Red flags for investors
- TAM calculated only top-down without bottom-up validation
- SAM that's suspiciously close to TAM (no real filtering)
- SOM based on market share percentages rather than bottoms-up sales math
- No mention of data quality or coverage as a constraint
- Static numbers with no plan for how they expand
What differentiates
Bottom-up SAM validation using actual account data. If you can say "we've verified 25,000 accounts matching our ICP, with 10,500 having contactable decision-makers, and here's the cascade that gets us there" — that's more credible than any industry report.
GTM strategy applications
ICP sizing and refinement
TAM/SAM/SOM reveals which ICP criteria are binding constraints:
- If SAM is small because the vertical is niche, expand the vertical definition
- If SOM is small because data coverage is low, invest in better data
- If SOM is small because win rate is low, invest in product or sales enablement
Territory design
Divide SOM accounts into balanced territories. "Balanced" means each rep has a similar number of reachable, ICP-fit accounts with verified contact data — not just a similar number of total accounts (which may include unreachable records).
Headcount planning
If SOM is capacity-constrained (more reachable accounts than your team can work), hiring is the lever. If SOM is coverage-constrained (more capacity than reachable accounts), data investment is the lever.
Pitch deck structure
Common mistakes
Mistake 1: TAM as strategy
TAM is a ceiling, not a plan. A $5B TAM means nothing if your SOM is $5M. Don't let TAM substitute for SAM and SOM in strategic planning.
Mistake 2: Top-down only
Industry reports give round numbers that look impressive but aren't defensible. Bottom-up calculations using actual account data are harder to produce and much more credible.

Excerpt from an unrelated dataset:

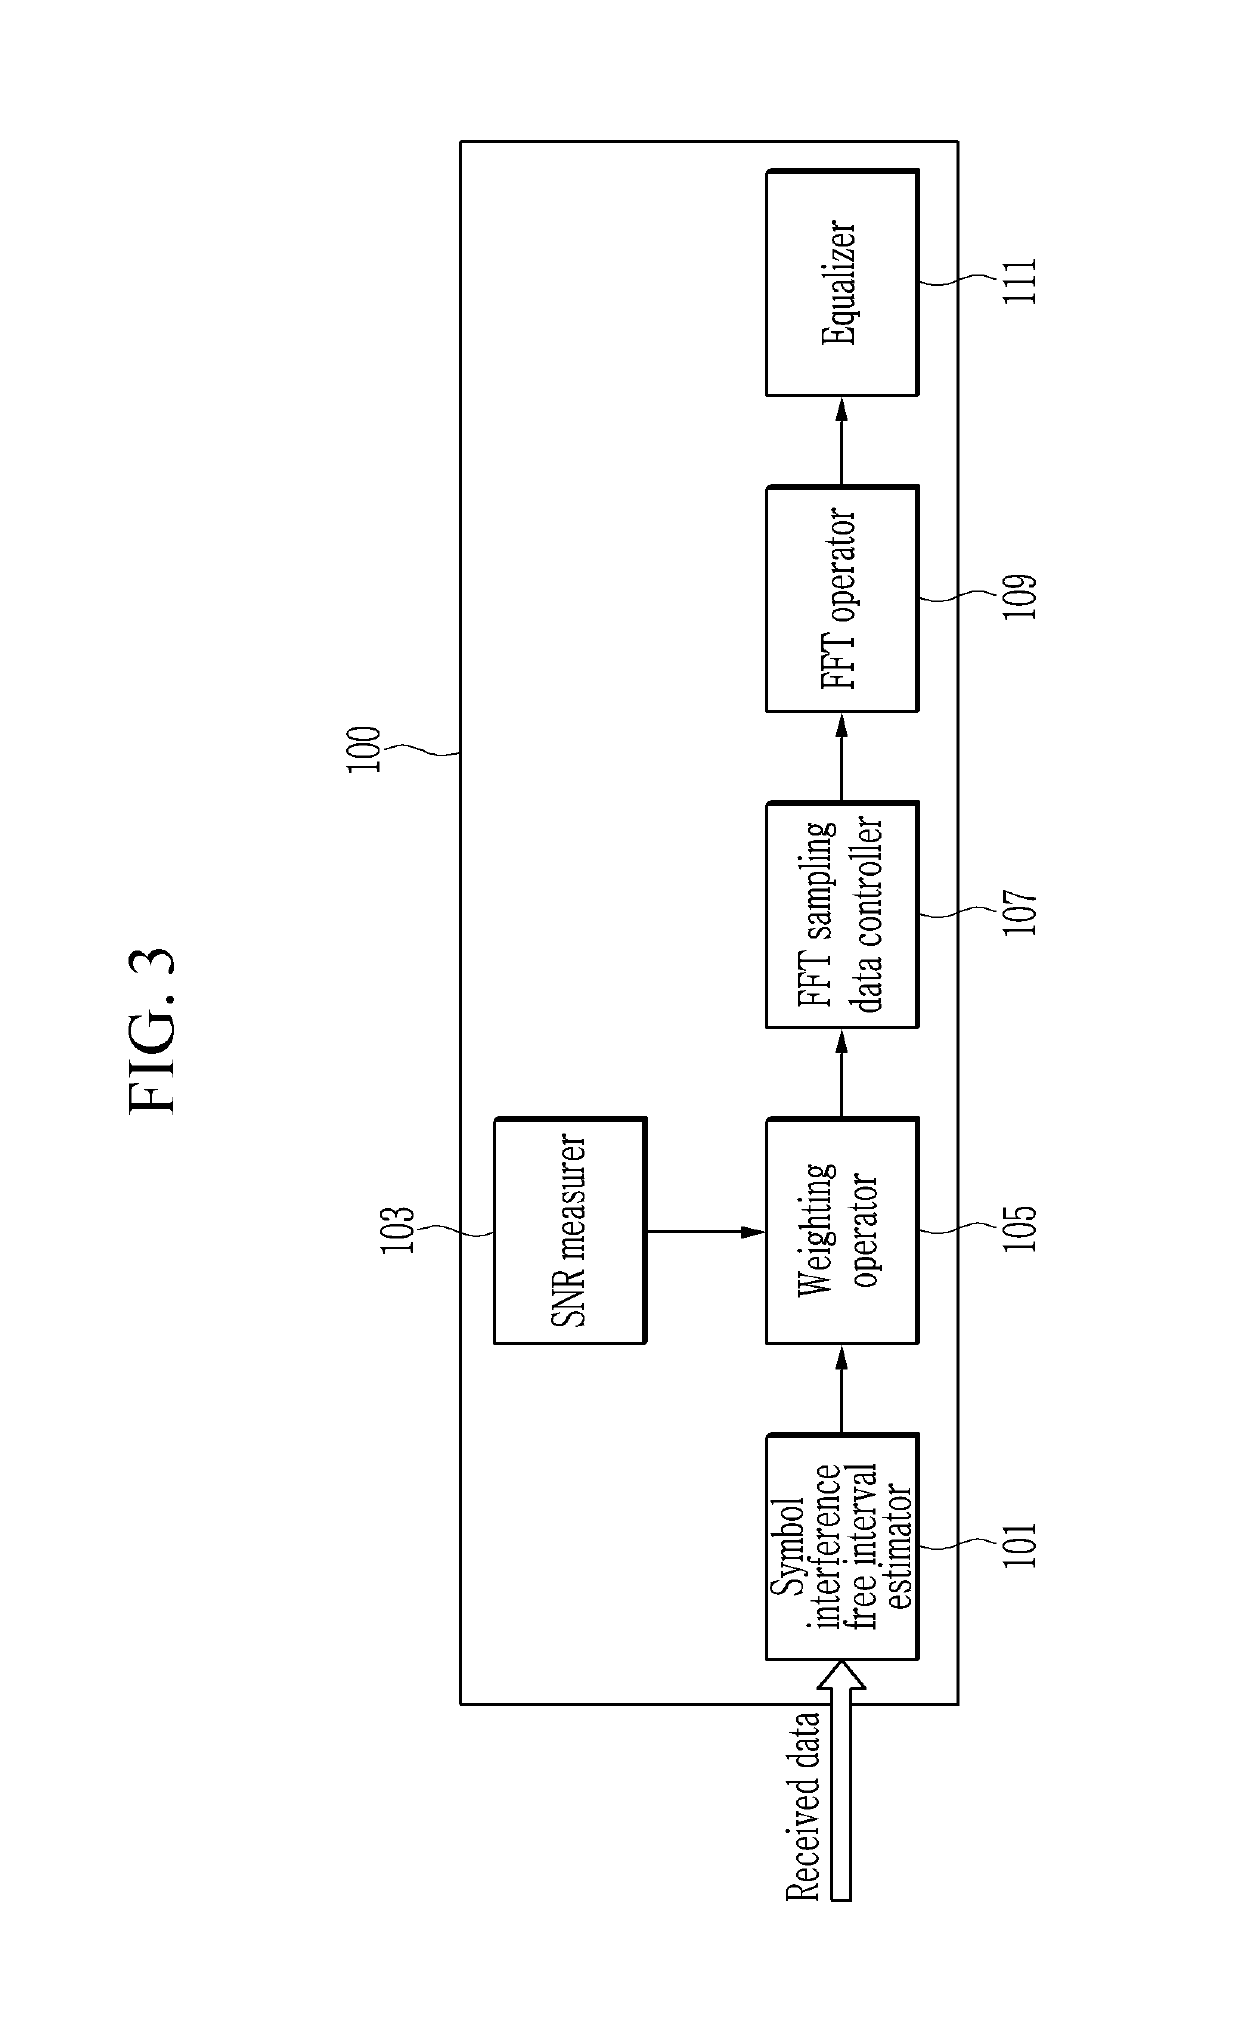 Method for suppressing inter-subcarrier interference and noise signal, and orthogonal frequency division multiplexing receiver for performing same

Mistake 3: Ignoring the cascade
"We have 85,000 accounts in our TAM" doesn't mean 85,000 accounts your team can reach. One roofing software company found only 11,000 of their 85,000 TAM accounts were in their CRM — and even those had duplicates. Apply the data quality cascade to every market size claim.
Mistake 4: Static calculations
Recalculate quarterly. Markets change. New businesses open. Competitors shift. Your product evolves. A TAM/SAM/SOM calculated once and referenced for two years is a fiction.

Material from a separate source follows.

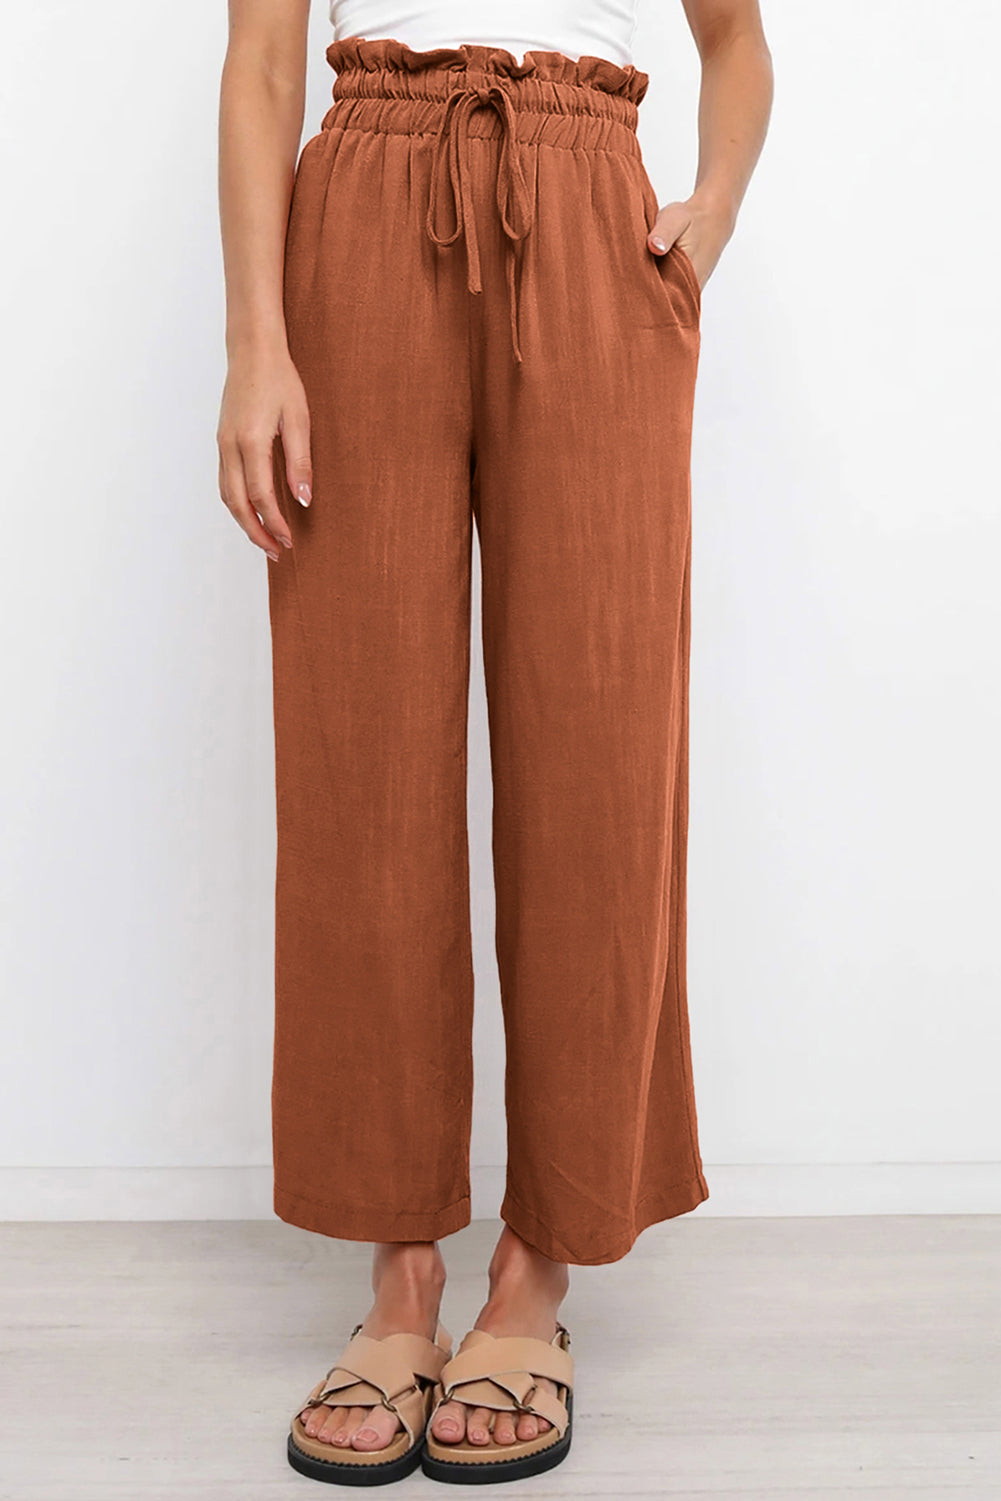 LC771296-17-S, LC771296-17-M, LC771296-17-L, LC771296-17-XL, Brown Women's High Waist Paper Bag Straight Leg Cropped Long Pants with Pocket

Mistake 5: SOM without capacity math
"We'll capture 3% market share" is a guess. SOM should be: reps × accounts per rep × coverage × win rate × deal size. If the math doesn't work bottoms-up, the percentage is wrong.
FAQ
What does TAM, SAM, SOM stand for?
TAM = Total Addressable Market (the entire universe). SAM = Serviceable Addressable Market (the subset matching your ICP). SOM = Serviceable Obtainable Market (the subset you can realistically capture).
How do you calculate TAM?
Three methods: top-down (industry data → narrow to your segment), bottom-up (count actual accounts × deal value), or value theory (problem size × willingness to pay). Bottom-up is most defensible.
What's the difference between TAM and SAM?

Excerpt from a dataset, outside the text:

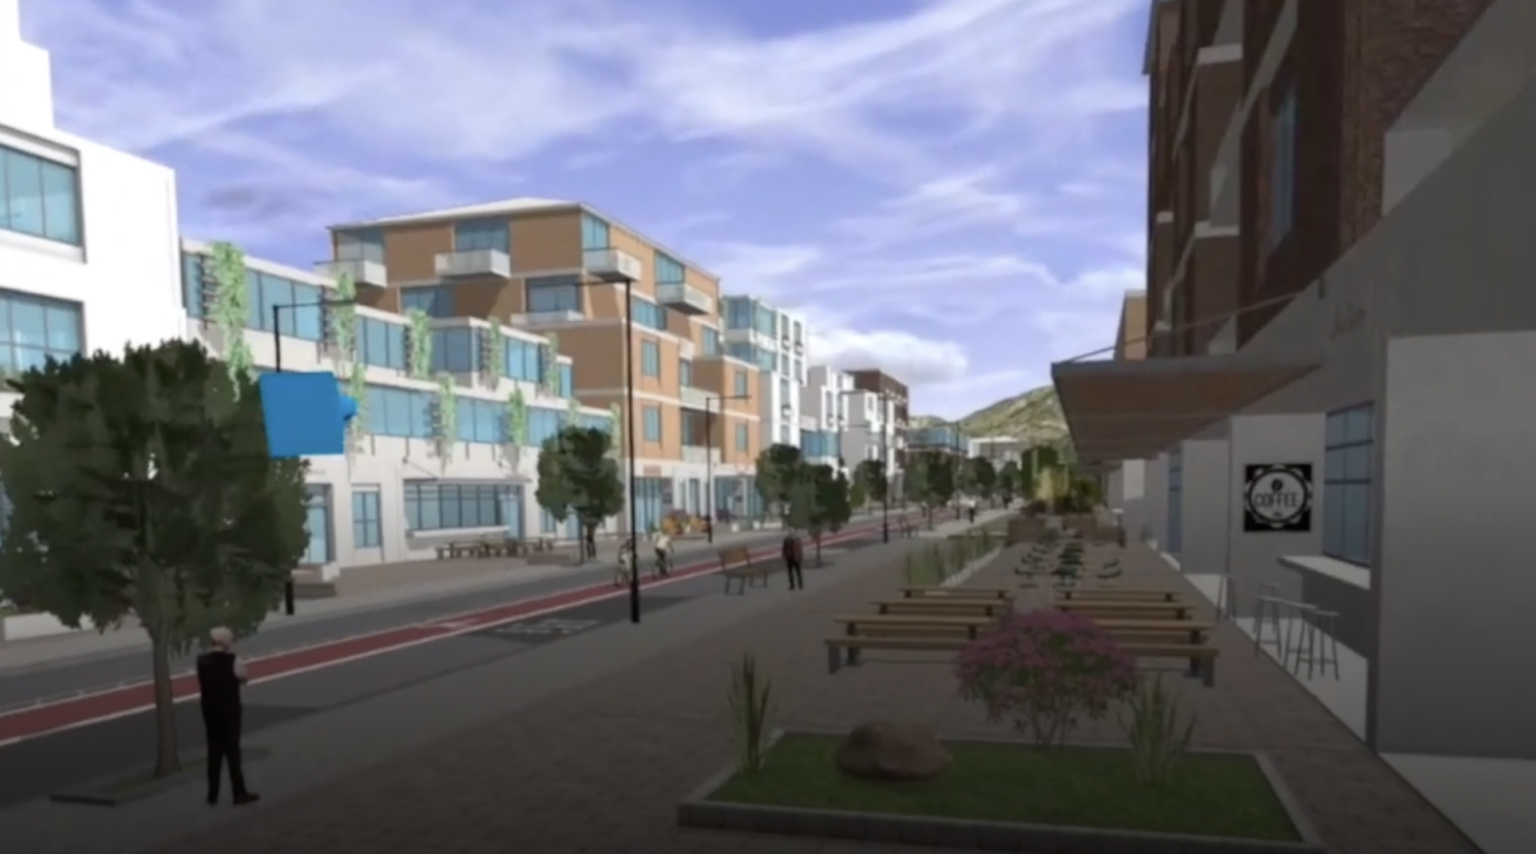 3D scene of a city block with buildings, a road, and green trees viewed through a VR headset

TAM includes every potential customer. SAM filters to accounts that match your ICP, are in your serviceable geography, and meet data quality thresholds for contactability. SAM is always smaller than TAM.
How do you calculate SOM?
SOM = Sales Capacity × Data Coverage Rate × Win Rate × Average Deal Size. It's a bottoms-up operational calculation, not a percentage of SAM.
How big should TAM be for a startup?
VCs typically look for $1B+ TAM to support venture-scale returns. But credible SAM and SOM matter more than a large TAM. A $500M TAM with a clear $50M SOM path is more investable than a $10B TAM with no credible capture plan.
TAM frames the opportunity. SAM defines the target. SOM drives the plan. The distance between them — shrunk by ICP filters, data quality cascades, and sales capacity constraints — is where honest GTM planning happens. Build from the bottom up, validate with real data, and recalculate quarterly.